オランダ人がやってくる前のマルク諸島とバンダ諸島では、ポルトガルやスペインの支配は確立していなかった。ポルトガルは何とか要塞を築いたが、現地では有力なスルタン(イスラムの地域支配者)が勢力を誇っており、また複雑な地形のため少数の船で海域一帯を支配することができなかったのだ。ポルトガルはスルタンに武器やインドで手に入れた綿製品などを渡すことで香辛料を手に入れていた。

東南アジアに進出してきたオランダは1605年にはマルク諸島とバンダ諸島の中間点にあったポルトガルの要塞を奪った。さらに、オランダ東インド会社の拠点としてジャワ島の西部のジャカルタに要塞を築き、街の名をバタヴィアと改称した。実はイギリス東インド会社がジャワ島の王と関係を結んで1602年にジャワ島内に要塞を築いていたのだが、オランダ東インド会社は力づくでイギリスを排除したという。なお、バタヴィアは第二次世界大戦での日本による占領まで、オランダによる植民地支配の中心地となった。

さらにオランダ東インド会社は、バンド諸島においても武力を用いて一帯の島々を支配した。イギリス勢力を追い出すとともに、抵抗する島民を虐殺し、代わりに自分たちの奴隷や使用人を送り込むことでナツメグやメイスの生産を独占しようとしたのだ。

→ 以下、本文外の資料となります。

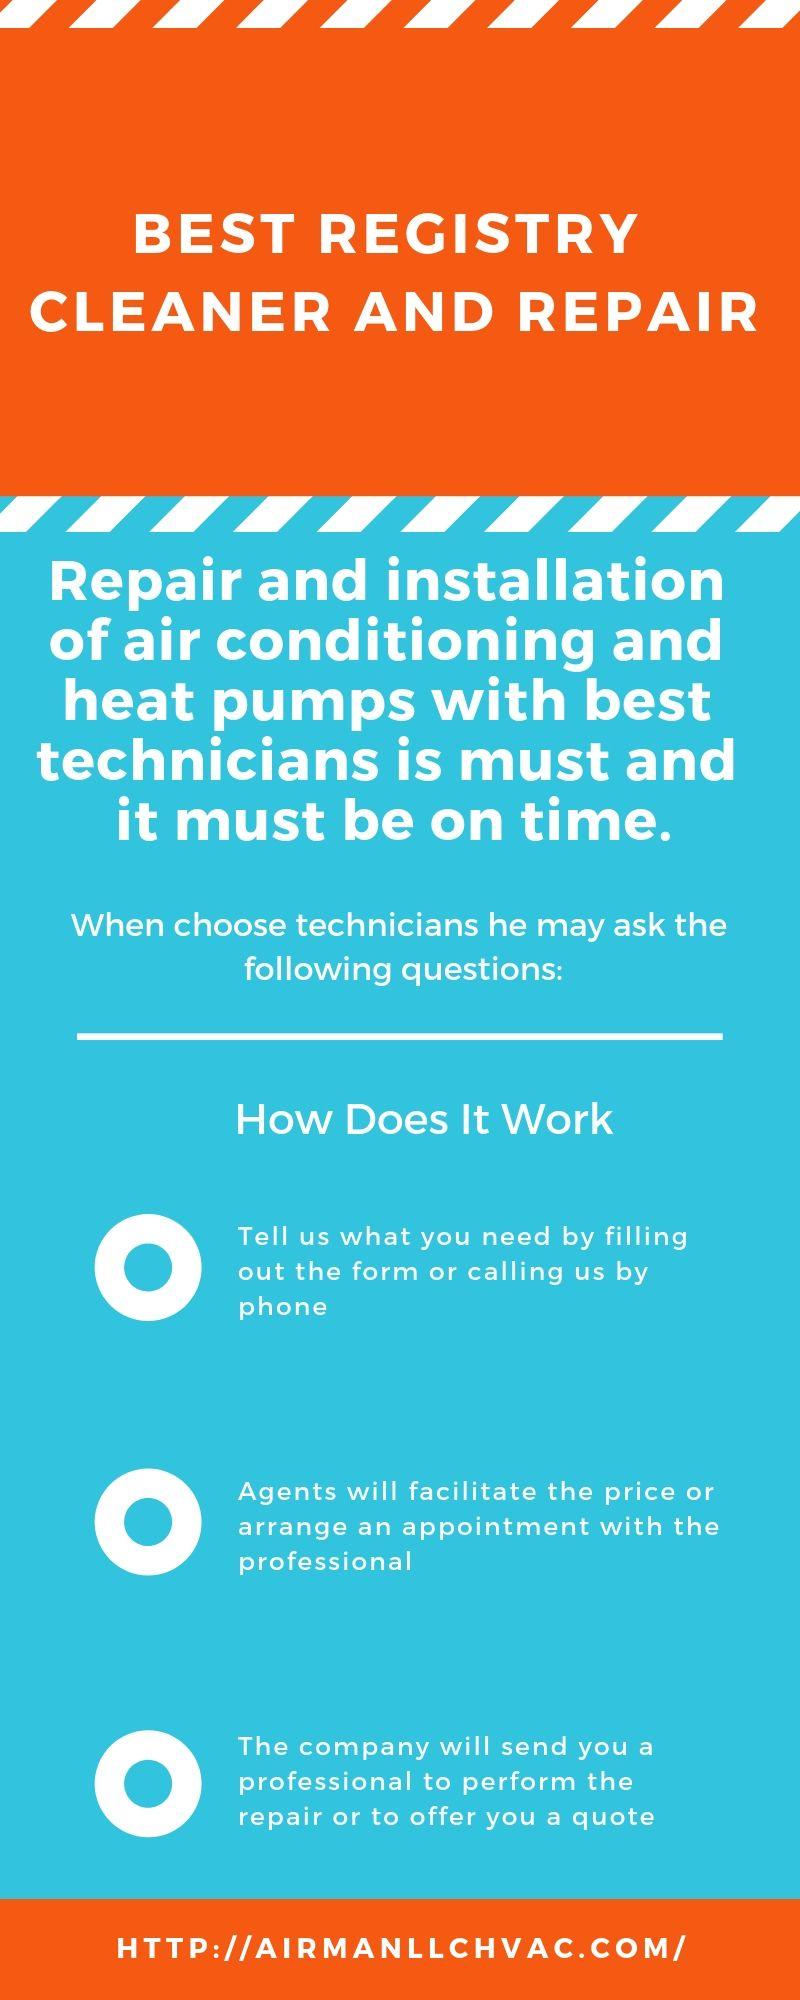 Best Registry Cleaner and Repair Heat pump, Repair, Duct

また、クローブの生産地のマルク諸島においても、オランダ以外のヨーロッパ人を追い出そうと画策した。それに抵抗した現地の王を武力で制圧し、さらにポルトガルの一大拠点であったマラッカを1641年に征服した。

こうして17世紀末までにオランダ東インド会社は、マルク諸島とバンダ諸島の香辛料を独占的にヨーロッパに運ぶことに成功する。

このような東南アジアの活動と並行して、オランダ東インド会社はアジア全域に勢力を広げ、各地に商館を築いていった。例えば、日本の長崎の平戸には1609年に幕府の許可を得て商館を建てた。



一方、イギリス東インド会社も1613年に平戸に商館を開設するなど各地に商館を建設していたが、たびたびオランダ船に貿易が妨害されたり船が拿捕されたりしたという。そして1623年には、マルク諸島のアンボン島にあるイギリス商館がオランダ東インド会社に襲われ、商館員が全員処刑されるという事件が起きた。

これを契機にイギリス東インド会社は東アジア方面から撤退し、また、香辛料も安全に手に入る少量のものしか扱わなくなった。その代わりに、インドのムガール帝国などと綿織物の貿易を主に行うようになる。

以上のように、オランダ東インド会社は17世紀中に香辛料貿易と東アジアとの貿易を手中に収めたのである。